So there's a couple things that have impeded me from posting ANYTHING over the past two weeks- homework, my addiction to spider solitaire and The Office, and my loneliness. And yes, in case you were wondering, this IS a bitchy journal! Welcome to freshie year.
Obviously I have like a million hours of homework a night, and then I'm spending my nights not being able to sleep for my fear of serial killers/my not-so severe anxiety issues. I mean, the other day in Latin I had a panic attack. I'm pretty fucked up.
I also have developed an addiction to spider solitaire. What the hell, my life is going to shit.
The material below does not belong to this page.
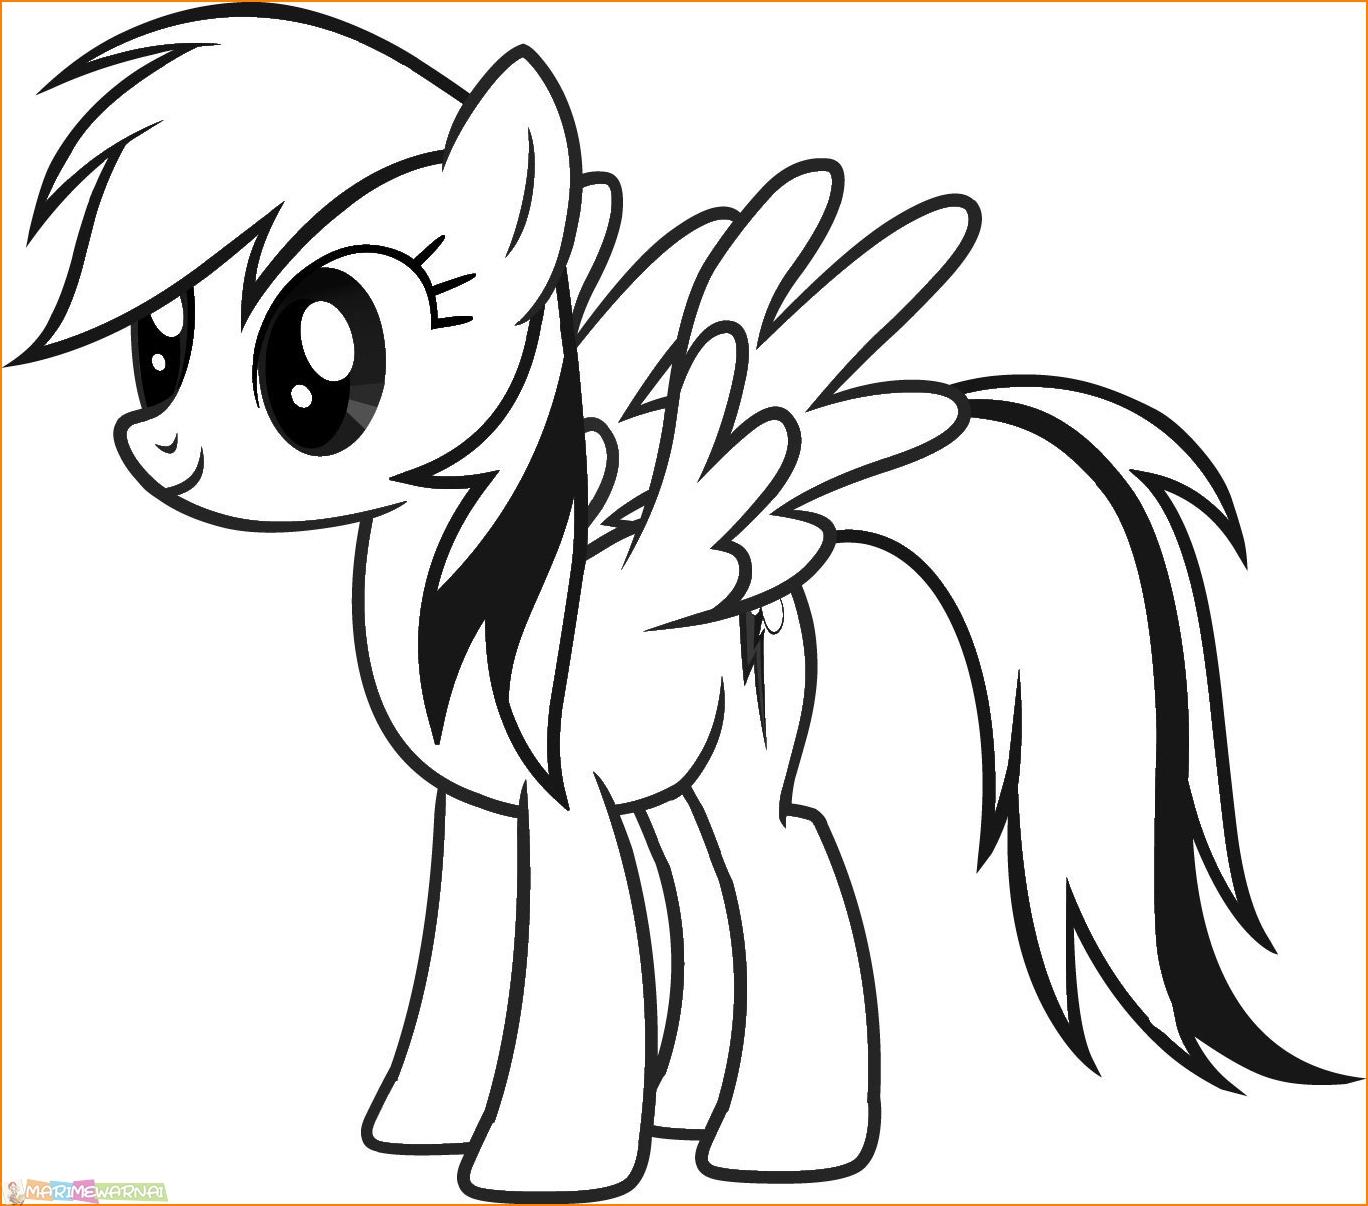 29 Gambar Mewarnai My Little Pony Anak 2020 Marimewarnai Com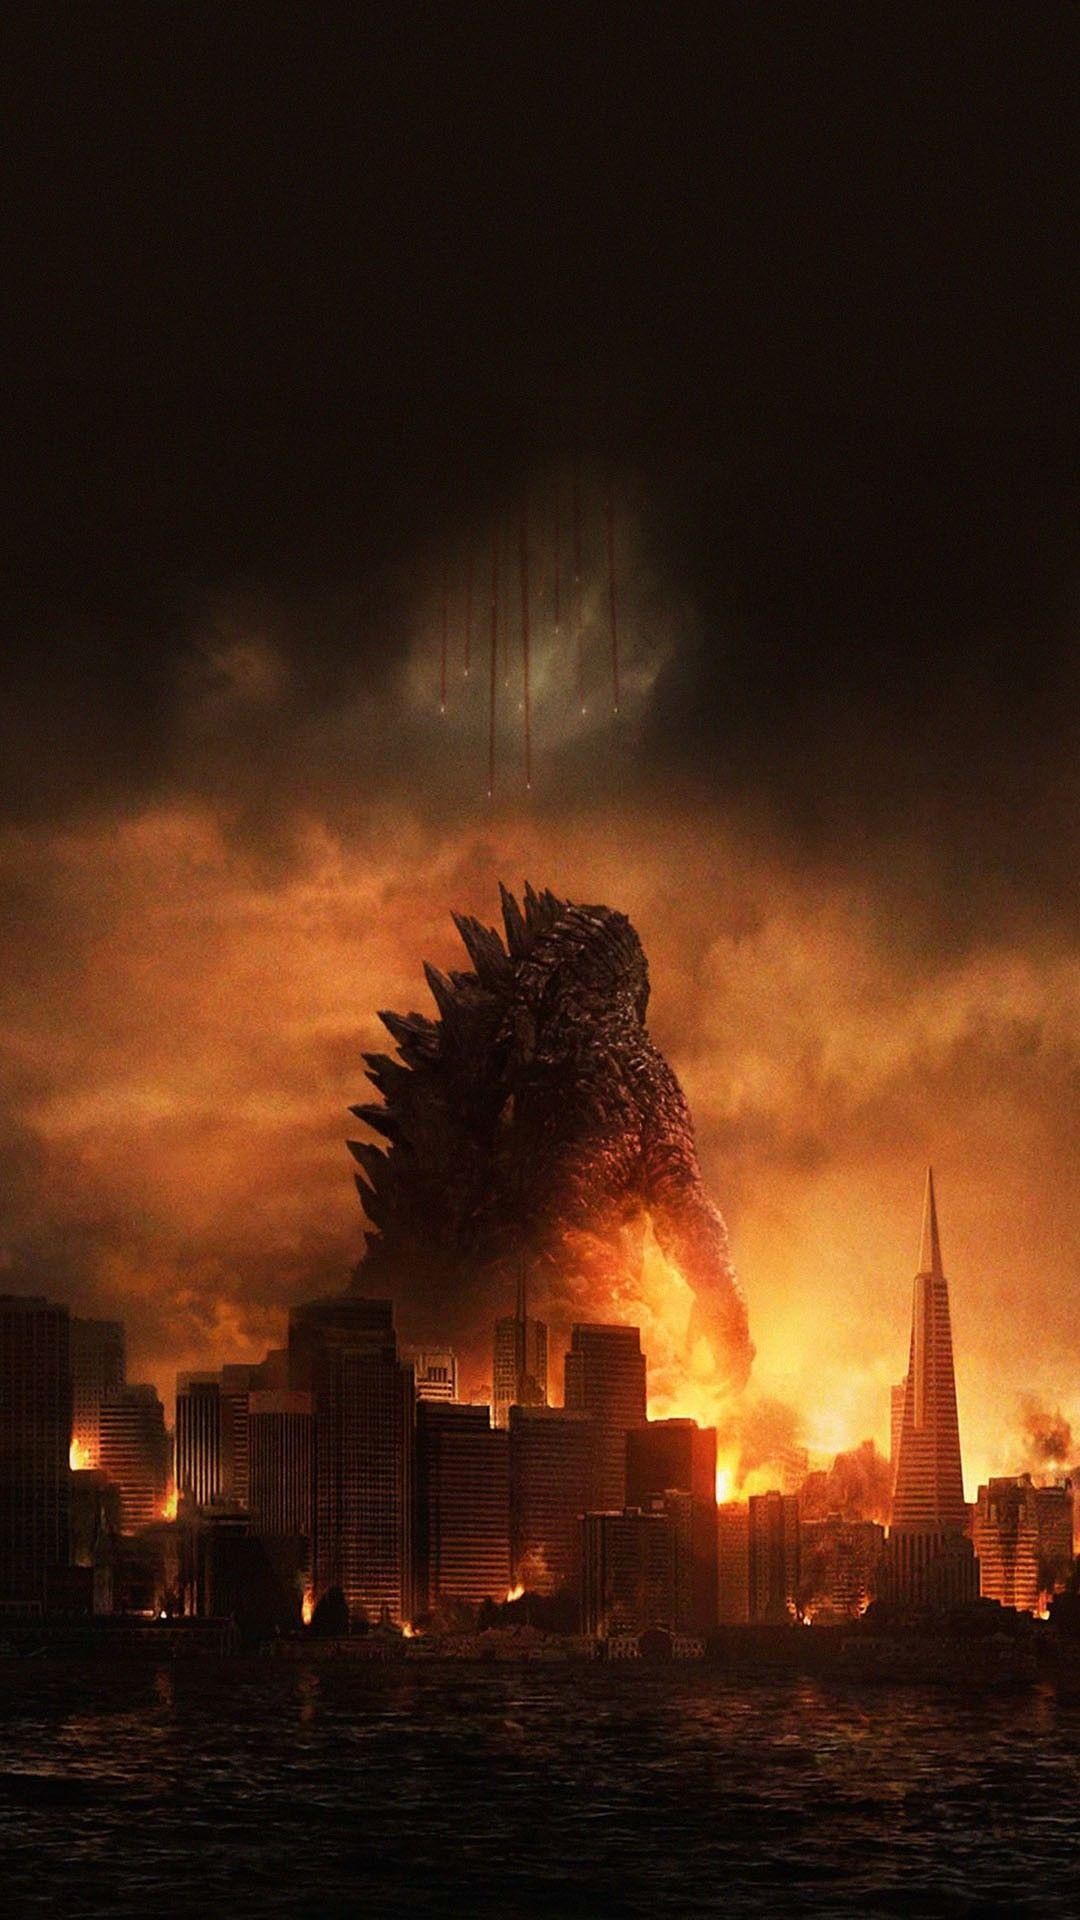 Godzilla Destroying City Movie Poster Smartphone Wallpaper And Lockscreen Hd Godzilla Wallpaper Godzilla Android Wallpaper

Plus I'm pretty lonely- my parents are both working long hours, my sister is a hu-uge fucking bitch (getting to that), my 2 brothers are all tied up with their jobs (and one of my brothers with his wife and step-son :] ). Plus, it's not like any of my friends from elementary school give two shits about me, and my friends from my high school are in the same situation as me- all fucking tied up with school. Except two of my friends have boyfriends, go figure.
And so far, I've told 3 people from my school the kid I like at my school. They're all like BUT HE'S SHORT and I'm like BUT HE'S ADORABLE AND NICE AND WE HATE THE SAME ASSHOLES and they're like BUT HE'S SHORT. Maybe I just hang out with tall people? I don't know, but either way I know that he's just not that into me. We have like 6 classes together, including lunch, so he just isn't that into me, I guess. Although I must admit I am becoming a flirt. It's freaking ME out.
But back to my family- my sister is a huge fucking bitch and my mother is the root of all my problems.
My sister: So, last Friday, she was with my mom out shopping, and my mom was like OMGSH I TOLD RITA I WOULD PICK HER UP AFTER SCHOOL and my sister is with her and she seriously says "Does she really have to come along?" At least, this is what my mother tells me. And then when we're at Trader Joe's and stuff she's being a huge bitch to me, just yelling at me, commanding me, and acting like I'm a do-nothing who just complains about everything, when it's actually the other way around. I'm being nice and trying to be civil to her and trying to be the bigger person but no. Of fucking course not. All she does the whole time is complain about how hungry she is, and then when we do stop to eat, she won't eat it because she's a fucking self-centered bitch who can't get over problems without griping and bitching for a month. It's like she's on permanent PMS or some shit like that. Get the fuck over your ex, he was a self centered asshole NOT UNLIKE YOURSELF.
My mom: I have finally come to the realization that my mother is the root of every problem in my life. Low self-esteem? Her telling me I was fat when I was 9. Her telling me that my teeth look like shit. Her telling me that my hair looks bad. Her telling me that my face should be cleaner. My attitude towards everything? Her cynicism. Her constant negative review of the world around her. Her cursing. Her yelling. Her screaming. Her constant fucking sob story about everything. All my attitudes about everything, all my negative feelings, all my self-hatred has come from her. The reason I don't accept who I am? Her. The reason I don't legitimately like who I am? Her. Her, her, her.
And to think all this realization has come from reading a book. Huh.
But I just got the entire Lonely Island album, Incredibad. I must say, it's changed my life for the better.